Se estivesse vivo, Deng Xiaoping completaria na quinta-feira (22) 102 anos. Enquanto esteve entre nós, o líder conduziu a difícil tarefa de comandar um país empobrecido, traumatizado por anos de radicalismo e políticas agrárias falidas e virtualmente isolado do resto do mundo. A forma como escolheu fazê-lo deu origem a tantas análises diferentes sobre quem Deng foi que, vez ou outra, é importante lembrar de sua importância e do que ele significa para a China de 2024.
Deng foi um visionário. Foi cruel com alguns e leniente com a corrupção de outros. Soube enxergar nas feridas abertas pela Revolução Cultural um caminho para um Partido Comunista menos ideológico e mais preocupado com problemas da vida real. Deng era aberto o suficiente para autorizar seus correligionários a experimentar, mas não hesitou na hora de escolher entre estabilidade e liberdade civil quando confrontado por ambas as opções durante o Massacre da Praça da Paz Celestial.

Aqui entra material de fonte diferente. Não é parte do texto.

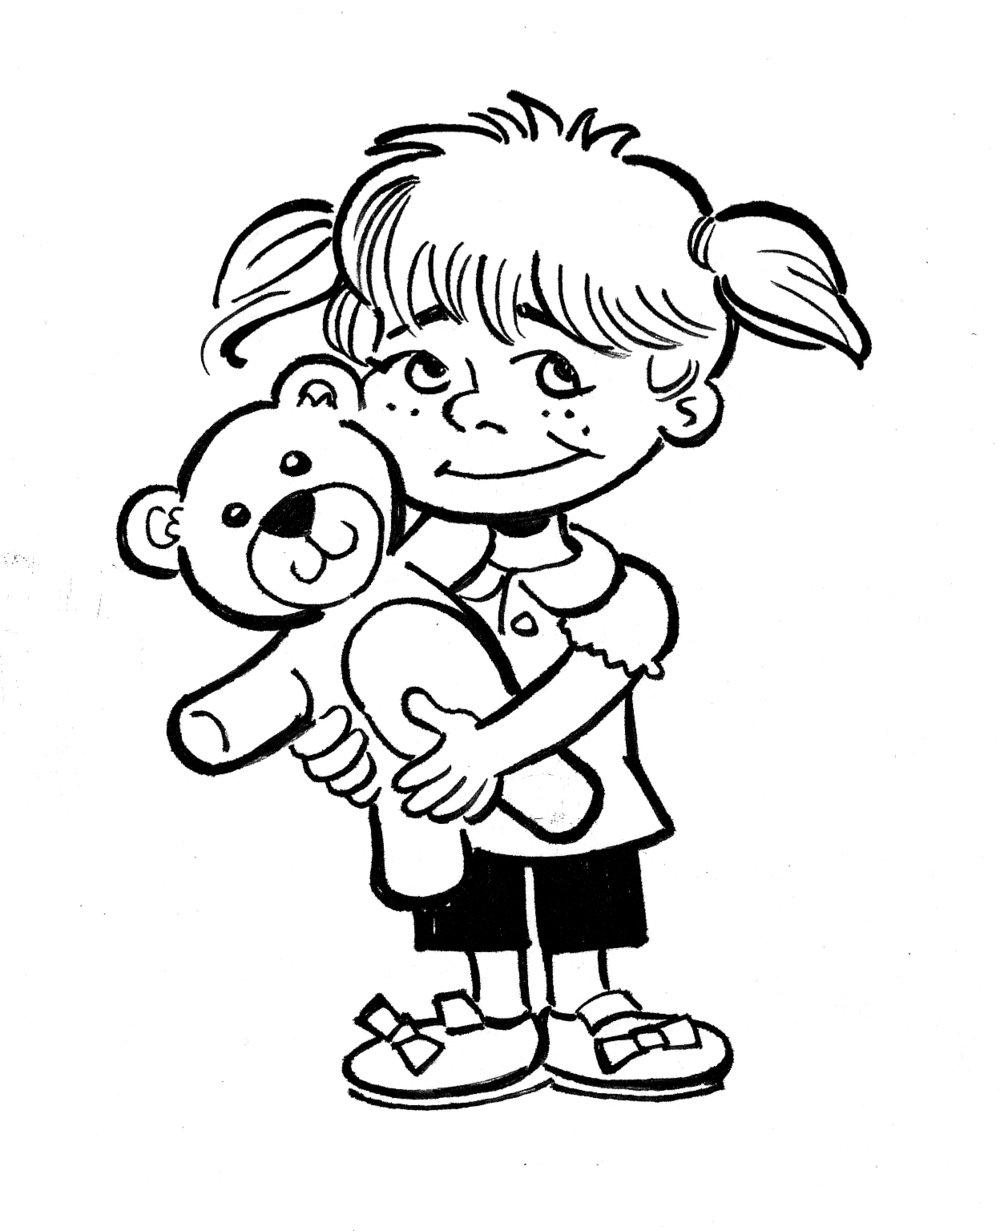 PATH-Teddybear.jpg

Ainda hoje há quem se pergunte como alguém pode ser tudo isso e não representar um poço de contradições. Em uma era de preto ou branco, certo ou errado, talvez nos falte a percepção de que as figuras mais influentes para o curso da humanidade quase sempre tenham sido ambos. A história é feita menos por heróis e mais por gente comum cheia de contradições —no que tange à história da China, poucos podem carregar um legado de importância semelhante a ele.
Há gente mais preparada e com mais espaço que eu para citar seus feitos históricos (a biografia escrita por Ezra Vogel é uma boa pedida), mas na semana da efeméride do seu nascimento, queria destacar ao amigo leitor como uma decisão de uma pessoa no momento certo pode ter impactos tão duradouros.
A China comunista aproveitou mal as lições de 1989. Enquanto Taiwan usou os protestos estudantis para dar fim às arbitrariedades da Lei Marcial apenas dois anos antes, os quadros do PC Chinês viram nas demandas dos manifestantes em Pequim um desafio à existência da legenda. Com a queda da União Soviética em 1991, puristas se convenceram que as reformas promovidas por Deng tinham ido longe demais.
A esta altura, Jiang Zemin já ocupava o cargo de secretário-geral do Partido e mesmo ele precisava dividir decisões e afazeres com gente que detestava. Deng já não apitava como outrora e, como último ato antes da aposentadoria, deu um passo simples, mas simbólico: resolveu viajar para a o sul da China, berço das suas reformas, em janeiro de 1992.
Foi de início quase boicotado, mas conforme a viagem progredia, cresciam também suas frases de efeito, cuidadosamente curadas para a máquina de propaganda. Daí saíram alguns de seus bordões mais famosos, como “quem não apoia reformas não merece a liderança”, “enriquecer é glorioso” e “faça mais e perca menos tempo com conversa fiada”.
Deng passou por Wuhan, Changsha, Shenzhen, Zhuhai, Guangzhou e Xangai. Ao longo do caminho, aos poucos ia fazendo barulho e atraindo respaldo popular. Não tinha o mesmo poder do passado, mas sua retórica tornou-se tão incisiva que, dado momento, foi impossível para a mídia estatal ignorá-lo. E com ela, uma tempestade política no partido que solidificou o apoio entre correligionários e escanteou os inimigos.
Foram apenas algumas semanas que selaram o destino da China e sedimentaram o crescimento econômico impressionante que se seguiu. Resultado que não apagou as páginas sombrias da biografia de Deng, mas que lhe garantiram até hoje um assento na seleta lista dos que os chineses se acostumaram a chamar de “líderes supremos”.